Unholy alliance
A new project and collaboration with friend and artist Mandy Tolley took us to Blackburn Museum & Art Gallery yesterday to check out their small but perfectly formed collection of Orthodox Christian icons. As part of a forthcoming show which asks contributors to re-imagine the cover and reverse art of a favourite or influential book, we’ve chosen The Hearing Trumpet by surrealist artist and a favourite of mine, Leonora Carrington.
A character within this novella will be the focus of our efforts as we in turn look to creating a cover portrait of the deliciously titled Dona Rosalinda Alvarex Cruz della Cueva; at face value a pious and dedicated Abbess of the Covent of Santa Barbara of Tartarus, actually a scheming sorceress whose power can be traced to vials of ‘Musc de Madelaine’, a magical ointment that may or may not be responsible for the miracles performed by Jesus of Nazareth.
Early thoughts involve combining not only religious art but also, as our approach will be using computerized embroidery and hand-beading, the folk style of Russian ‘Matryoshka’ or nesting dolls; the painted dark-hued allure of Spanish flamenco souvenir ladies, fetish neck braces, cubist landscapes and the seemingly demure practice of needlepoint, scrapbooking and patchwork methods.
Pearly whites wanted
Although still in the early pre-production stages I’m delighted to tell you about my involvement as project producer in helping realise artist Gina Czarnecki’s wildly imaginative sculptural work, PALACES. Gina's current body of work revolves around stem cell research, informed consent and bio-engineering, with a retrospective exhibition of existing and new work scheduled for December 2011 at Bluecoat in Liverpool.
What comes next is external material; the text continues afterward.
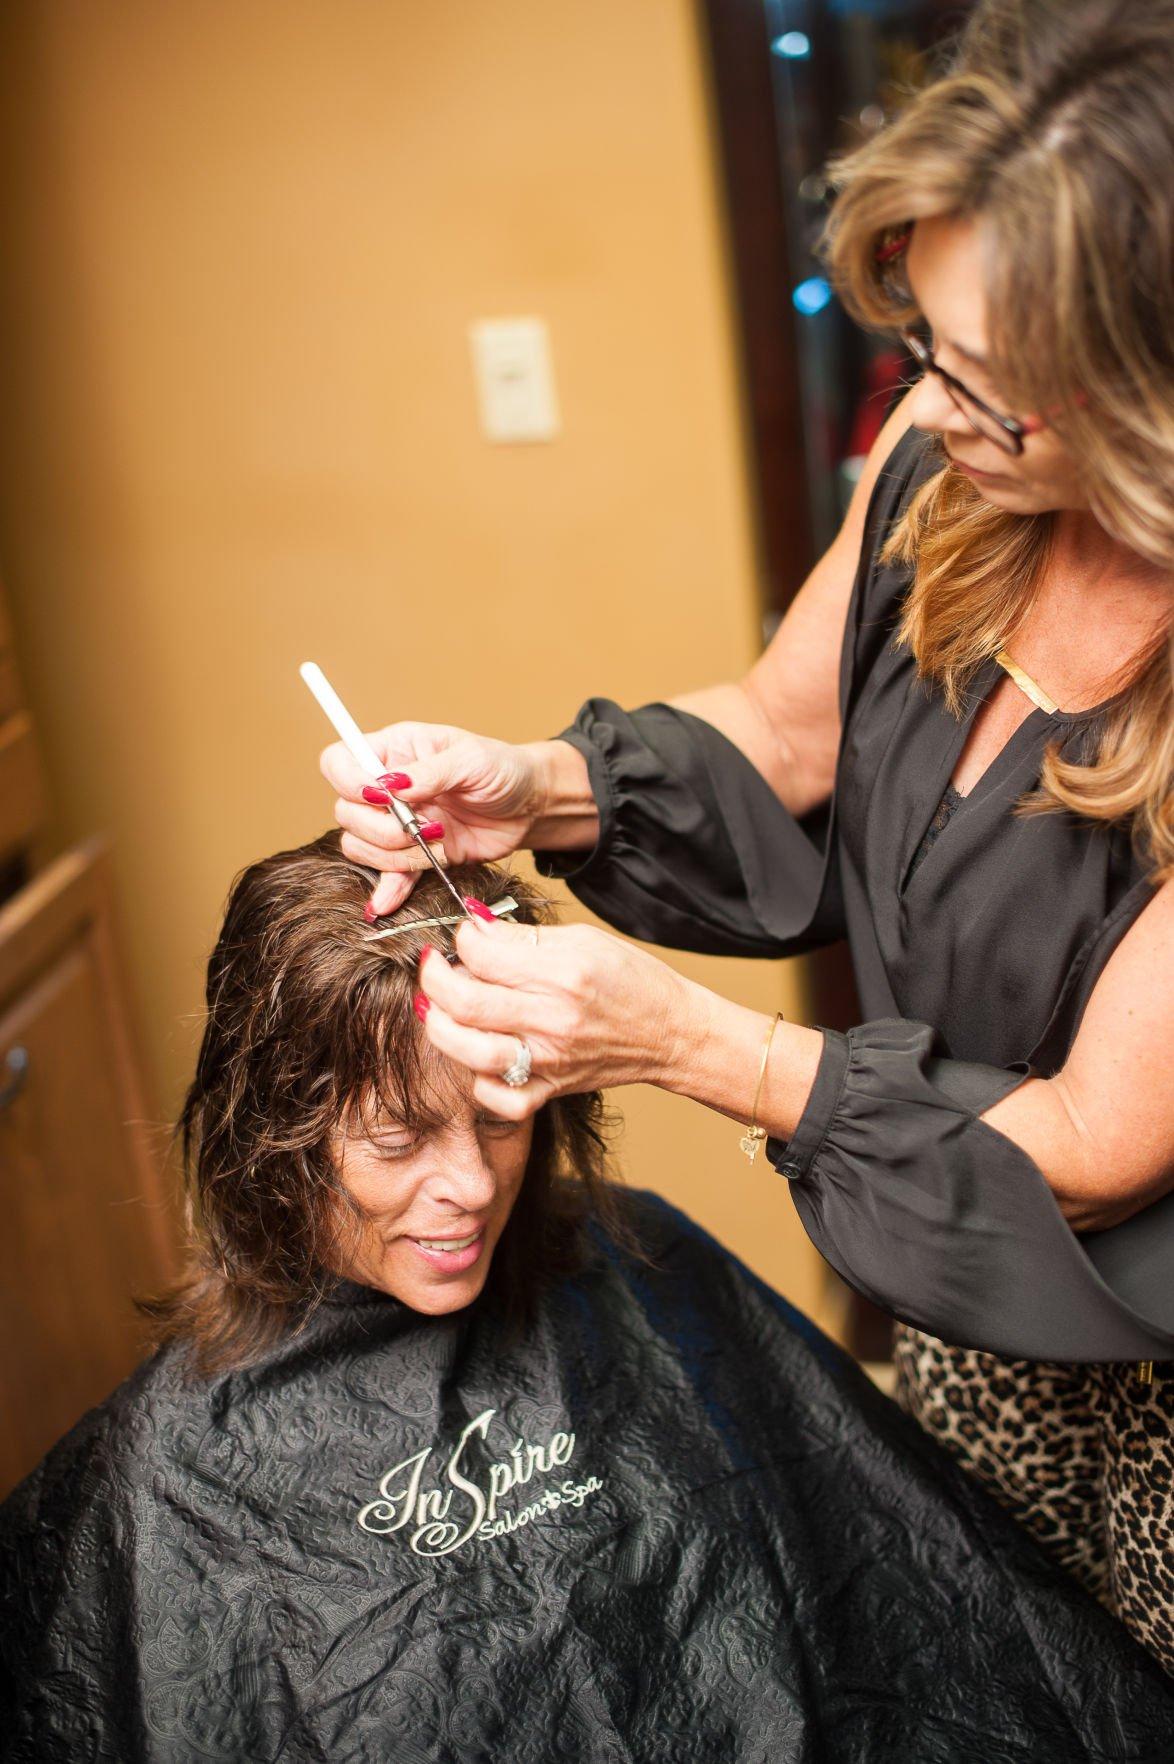 Evolve Volumizer Restoring Self Confidence Health Bakersfield
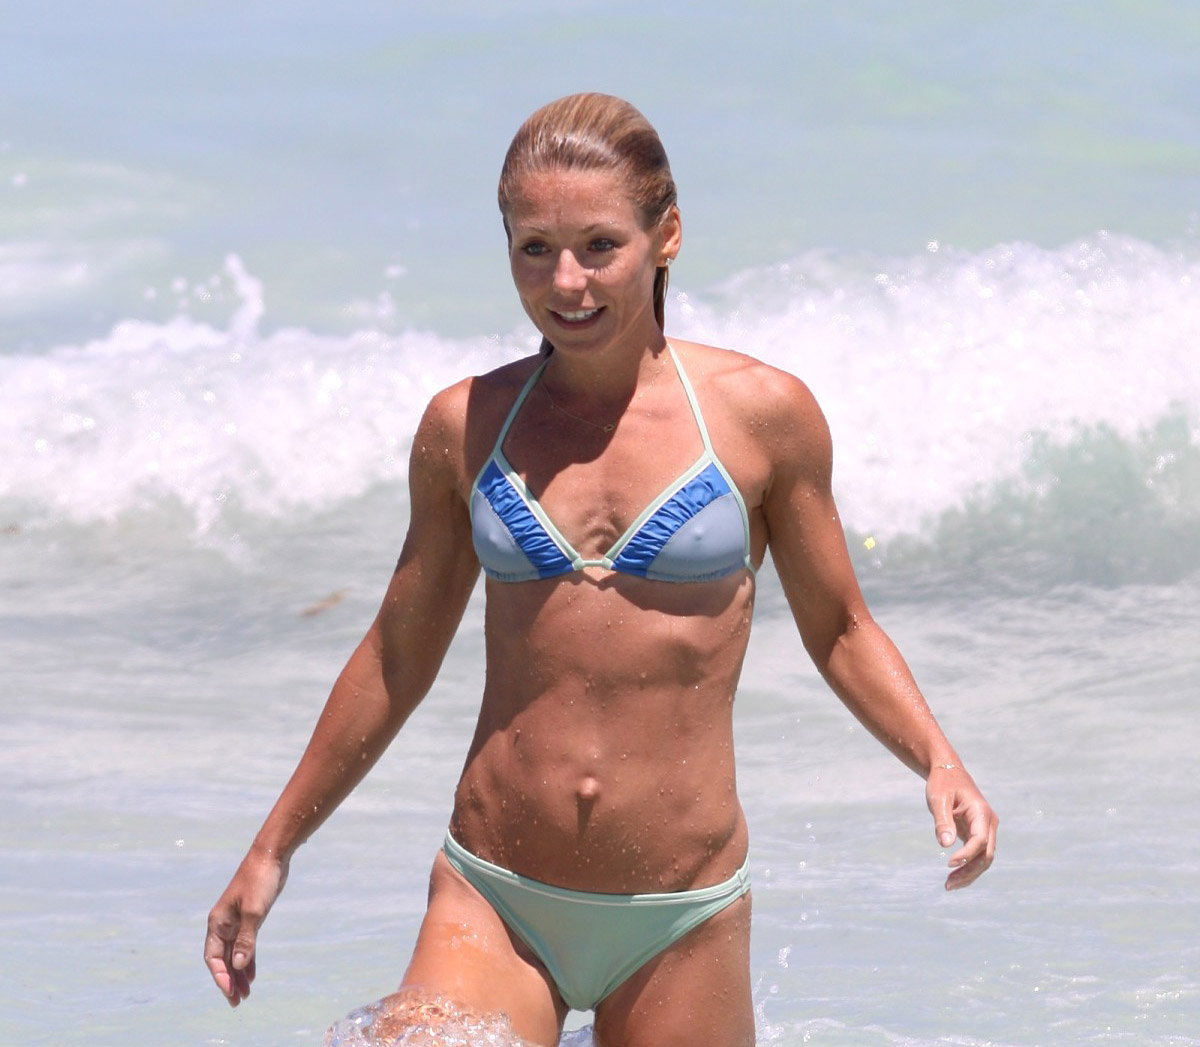 Kelly osbourne bikini pics

PALACES will be a sculpture some 2 metres high and 2 metres wide, consisting of stalagmite-like towers formed of clear cystal resin. Grouped to form a fairytale palace (more in the Jim Henson mould than Disney) and embedded with UV particles, it will be clad in an ivy-trace of barnacle clusters formed of up to 12,000 children’s milk teeth, purposely donated on the back of an international campaign.
Milk teeth are a means of extracting adult stem cells (not necessarily stem cells from an adult, but cells whose future role is limited to specific outcome/s due to their progressed stage of development), unlike embryonic stem cells, which can become any cell type. I’ll be posting more about this project, but the thinking behind it includes debate upon regeneration, how wealth will affect future health care, informed consent and ownership of our own genetic make-up.
But at heart, it’s quite simply a wondrous and beautiful sculpture that will enable mass public participation, with a UK tour already in the planning stages. Endorsed and supported by The Science Museum, Imperial College London, Welcome Trust and Medicine for Children Research Network. If you’ve got any milk teeth saved from your own childhood, or know of any young’uns with wobbly pegs, I’ll be announcing information on where to send these totemic human gem stones soon.
Oh, and before you ask, the tooth fairy remains fully consulted at every stage and is looking forward to moving into her Grand Design-styled new pad. Tokens for tooth exchange can be downloaded and slipped under the pillow so that she's aware of who is contributing to her fantastical abode (so she can advance the expected reward), while special treats await those who follow the project through development, childerlings and grown-olds alike. Let's get the word out - the Palace needs YOU!